§ TRY IT
No pictures belong in the copy, but every line of the material below must be reproduced exactly.
*** RECORDED DATA Section Begins ***
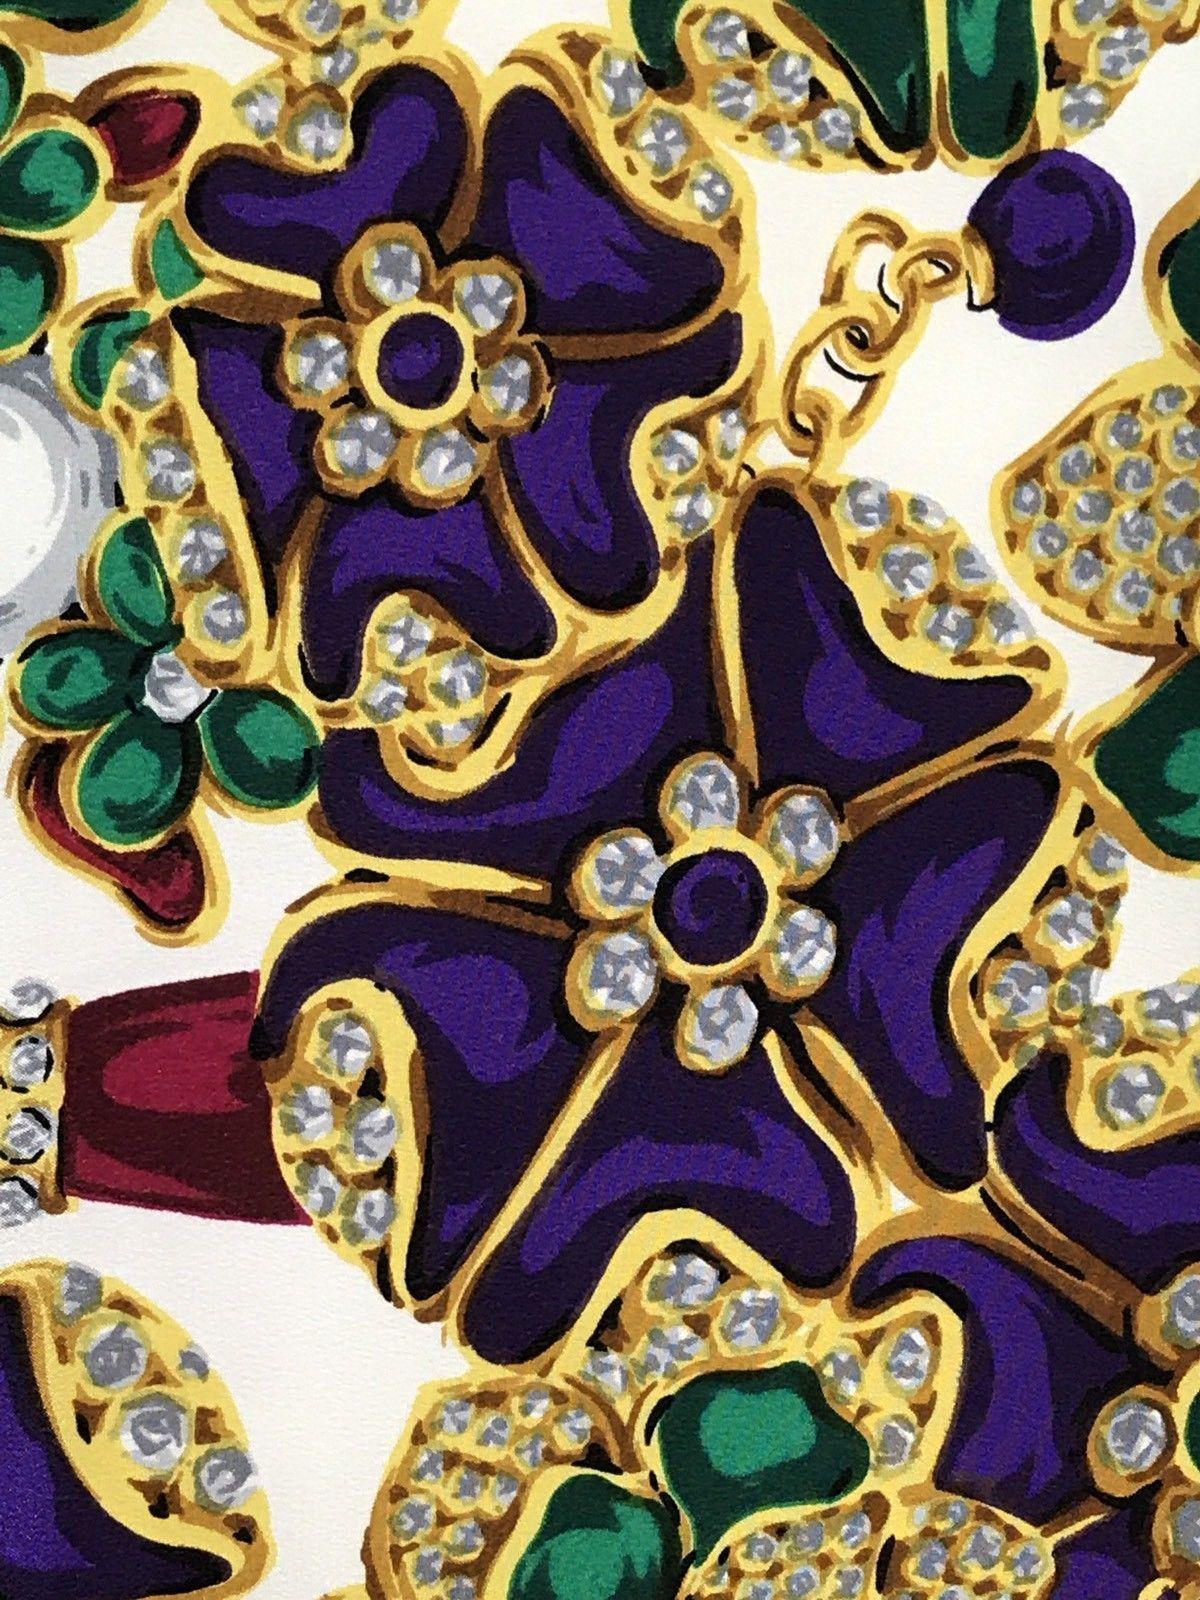 25299e9077a1 CHANEL Tuch Seide foulard scarf Stola stole silk soie carre geant Jewels  Schmuck   eBay
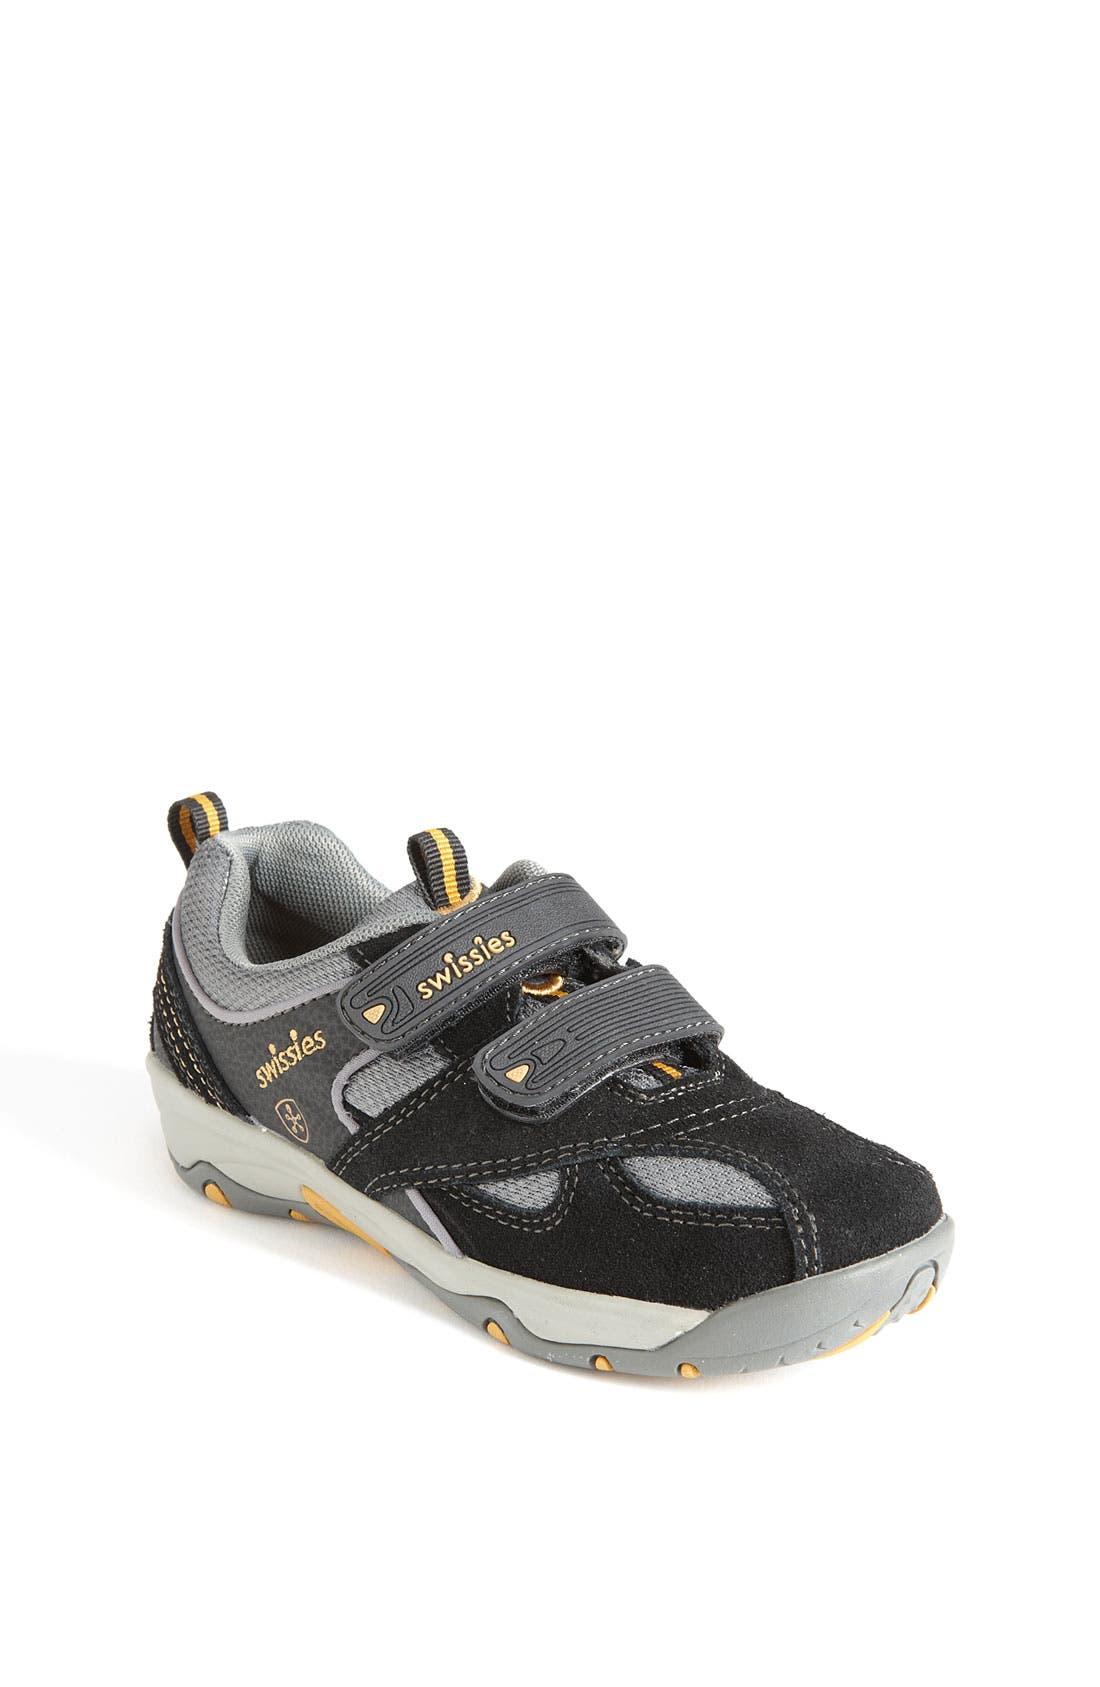 Main Image - Swissies 'Mark' Athletic Sneaker (Toddler, Little Kid & Big Kid)
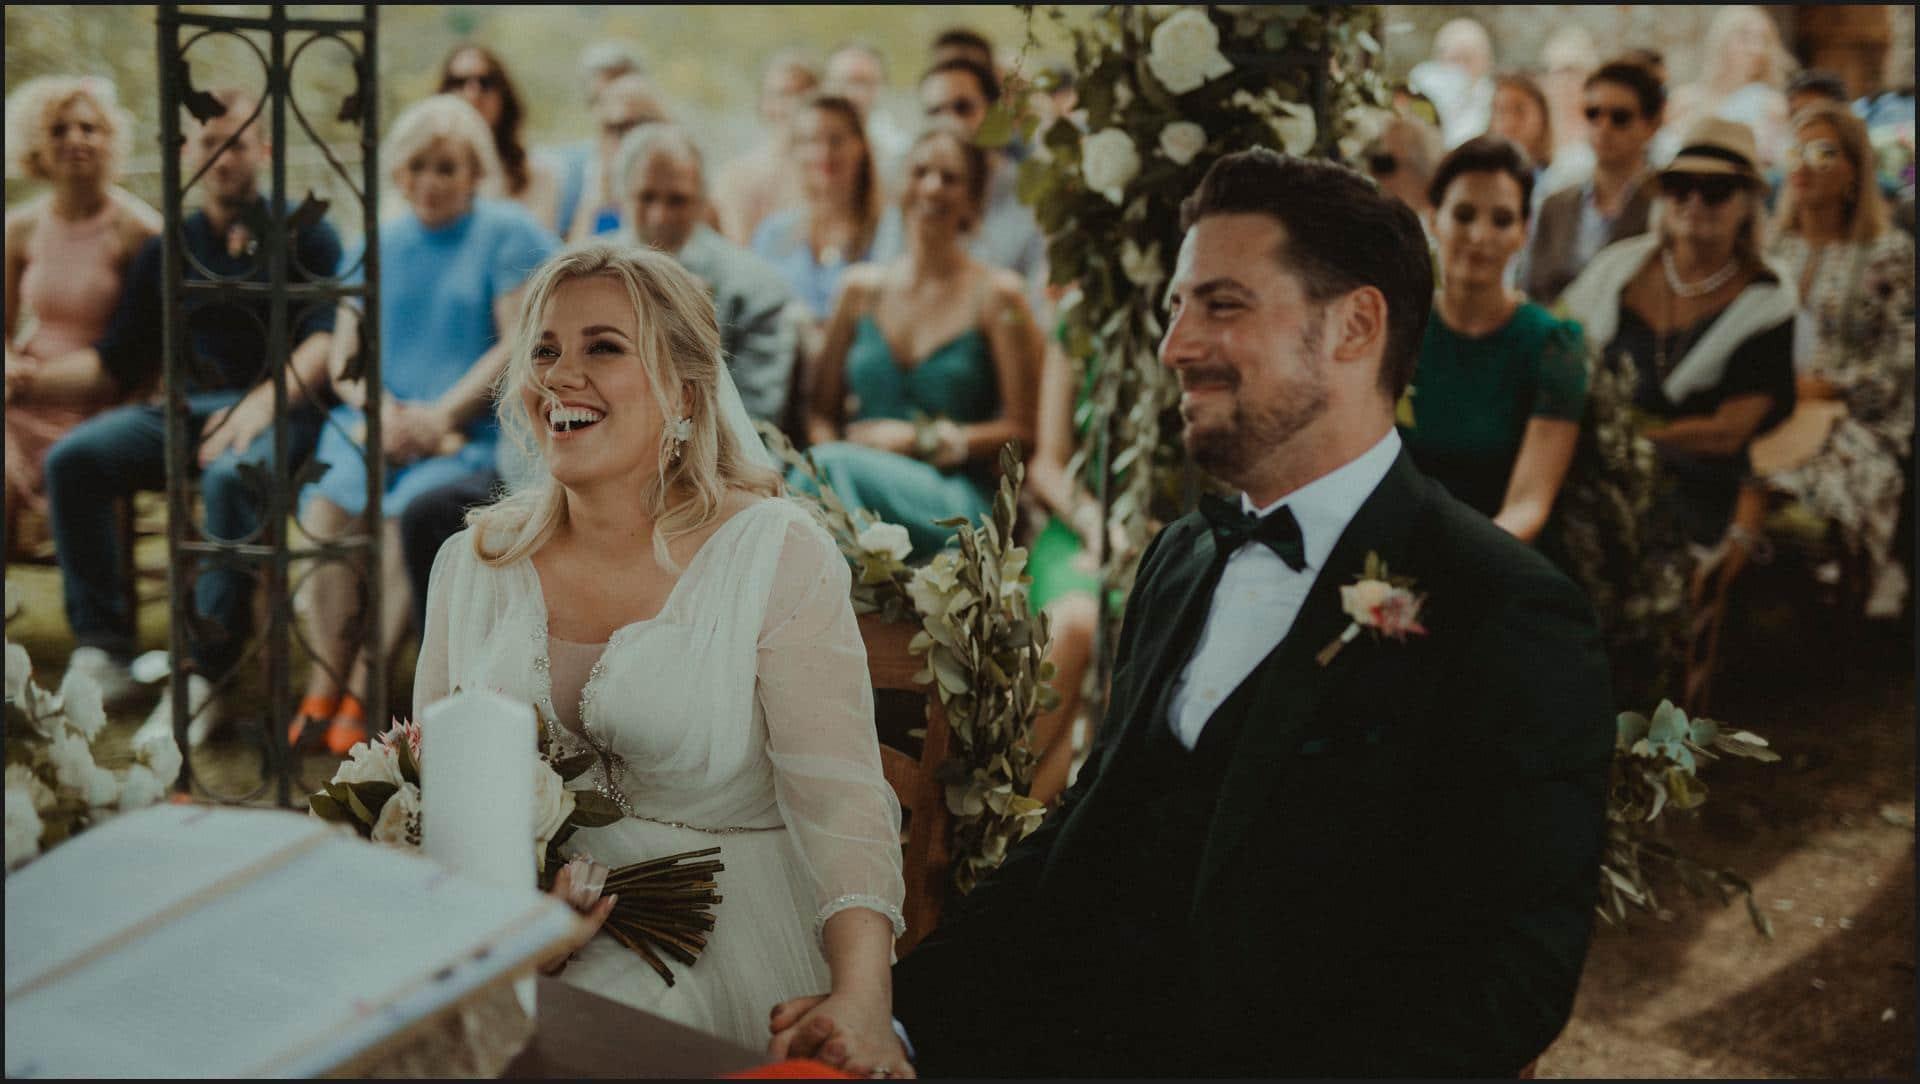 borgo di tragliata, wedding, rome, wedding in rome, ceremony, wedding in italy, destination wedding
*** RECORDED DATA Section Ends ***
§ RESPONSE BELOW
 25299e9077a1 CHANEL Tuch Seide foulard scarf Stola stole silk soie carre geant Jewels  Schmuck   eBay
 Main Image - Swissies 'Mark' Athletic Sneaker (Toddler, Little Kid & Big Kid)
 borgo di tragliata, wedding, rome, wedding in rome, ceremony, wedding in italy, destination wedding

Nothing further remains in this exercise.